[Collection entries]
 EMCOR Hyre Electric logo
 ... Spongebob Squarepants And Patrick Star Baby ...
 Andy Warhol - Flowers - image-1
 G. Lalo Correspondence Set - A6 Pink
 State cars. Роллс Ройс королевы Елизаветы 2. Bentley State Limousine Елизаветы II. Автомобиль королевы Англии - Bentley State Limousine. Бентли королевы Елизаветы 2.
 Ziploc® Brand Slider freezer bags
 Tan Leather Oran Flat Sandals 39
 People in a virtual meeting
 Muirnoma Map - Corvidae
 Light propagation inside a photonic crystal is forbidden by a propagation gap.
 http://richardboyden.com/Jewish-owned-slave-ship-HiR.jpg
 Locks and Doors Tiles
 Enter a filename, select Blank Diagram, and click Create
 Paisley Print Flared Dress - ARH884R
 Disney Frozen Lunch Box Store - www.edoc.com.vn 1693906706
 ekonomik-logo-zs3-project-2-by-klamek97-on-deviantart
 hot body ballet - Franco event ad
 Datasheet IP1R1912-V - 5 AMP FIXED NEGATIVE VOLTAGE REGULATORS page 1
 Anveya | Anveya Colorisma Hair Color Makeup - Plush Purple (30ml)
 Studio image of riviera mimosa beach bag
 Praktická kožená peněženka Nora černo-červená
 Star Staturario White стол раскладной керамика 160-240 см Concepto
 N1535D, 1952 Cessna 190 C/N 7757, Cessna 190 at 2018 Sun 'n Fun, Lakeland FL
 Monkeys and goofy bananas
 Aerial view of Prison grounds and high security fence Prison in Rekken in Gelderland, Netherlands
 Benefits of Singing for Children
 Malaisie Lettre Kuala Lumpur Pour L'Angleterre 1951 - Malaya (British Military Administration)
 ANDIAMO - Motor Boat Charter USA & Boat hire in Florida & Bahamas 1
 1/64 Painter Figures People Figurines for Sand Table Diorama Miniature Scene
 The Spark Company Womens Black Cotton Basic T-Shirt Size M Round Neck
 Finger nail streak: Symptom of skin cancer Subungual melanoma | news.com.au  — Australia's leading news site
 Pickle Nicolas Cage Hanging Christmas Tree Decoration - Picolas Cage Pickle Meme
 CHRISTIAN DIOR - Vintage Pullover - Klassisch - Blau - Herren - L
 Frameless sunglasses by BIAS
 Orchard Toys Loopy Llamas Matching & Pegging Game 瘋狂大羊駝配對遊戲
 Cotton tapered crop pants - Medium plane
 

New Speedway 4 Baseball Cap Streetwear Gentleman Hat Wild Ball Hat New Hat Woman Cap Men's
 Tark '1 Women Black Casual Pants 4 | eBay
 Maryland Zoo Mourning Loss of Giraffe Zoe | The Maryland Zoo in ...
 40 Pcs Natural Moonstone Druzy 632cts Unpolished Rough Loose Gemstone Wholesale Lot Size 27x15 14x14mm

§ **Your goal**
Return every entry above with nothing altered.

§ **Task response**
 EMCOR Hyre Electric logo
 ... Spongebob Squarepants And Patrick Star Baby ...
 Andy Warhol - Flowers - image-1
 G. Lalo Correspondence Set - A6 Pink
 State cars. Роллс Ройс королевы Елизаветы 2. Bentley State Limousine Елизаветы II. Автомобиль королевы Англии - Bentley State Limousine. Бентли королевы Елизаветы 2.
 Ziploc® Brand Slider freezer bags
 Tan Leather Oran Flat Sandals 39
 People in a virtual meeting
 Muirnoma Map - Corvidae
 Light propagation inside a photonic crystal is forbidden by a propagation gap.
 http://richardboyden.com/Jewish-owned-slave-ship-HiR.jpg
 Locks and Doors Tiles
 Enter a filename, select Blank Diagram, and click Create
 Paisley Print Flared Dress - ARH884R
 Disney Frozen Lunch Box Store - www.edoc.com.vn 1693906706
 ekonomik-logo-zs3-project-2-by-klamek97-on-deviantart
 hot body ballet - Franco event ad
 Datasheet IP1R1912-V - 5 AMP FIXED NEGATIVE VOLTAGE REGULATORS page 1
 Anveya | Anveya Colorisma Hair Color Makeup - Plush Purple (30ml)
 Studio image of riviera mimosa beach bag
 Praktická kožená peněženka Nora černo-červená
 Star Staturario White стол раскладной керамика 160-240 см Concepto
 N1535D, 1952 Cessna 190 C/N 7757, Cessna 190 at 2018 Sun 'n Fun, Lakeland FL
 Monkeys and goofy bananas
 Aerial view of Prison grounds and high security fence Prison in Rekken in Gelderland, Netherlands
 Benefits of Singing for Children
 Malaisie Lettre Kuala Lumpur Pour L'Angleterre 1951 - Malaya (British Military Administration)
 ANDIAMO - Motor Boat Charter USA & Boat hire in Florida & Bahamas 1
 1/64 Painter Figures People Figurines for Sand Table Diorama Miniature Scene
 The Spark Company Womens Black Cotton Basic T-Shirt Size M Round Neck
 Finger nail streak: Symptom of skin cancer Subungual melanoma | news.com.au  — Australia's leading news site
 Pickle Nicolas Cage Hanging Christmas Tree Decoration - Picolas Cage Pickle Meme
 CHRISTIAN DIOR - Vintage Pullover - Klassisch - Blau - Herren - L
 Frameless sunglasses by BIAS
 Orchard Toys Loopy Llamas Matching & Pegging Game 瘋狂大羊駝配對遊戲
 Cotton tapered crop pants - Medium plane
 

New Speedway 4 Baseball Cap Streetwear Gentleman Hat Wild Ball Hat New Hat Woman Cap Men's
 Tark '1 Women Black Casual Pants 4 | eBay
 Maryland Zoo Mourning Loss of Giraffe Zoe | The Maryland Zoo in ...
 40 Pcs Natural Moonstone Druzy 632cts Unpolished Rough Loose Gemstone Wholesale Lot Size 27x15 14x14mm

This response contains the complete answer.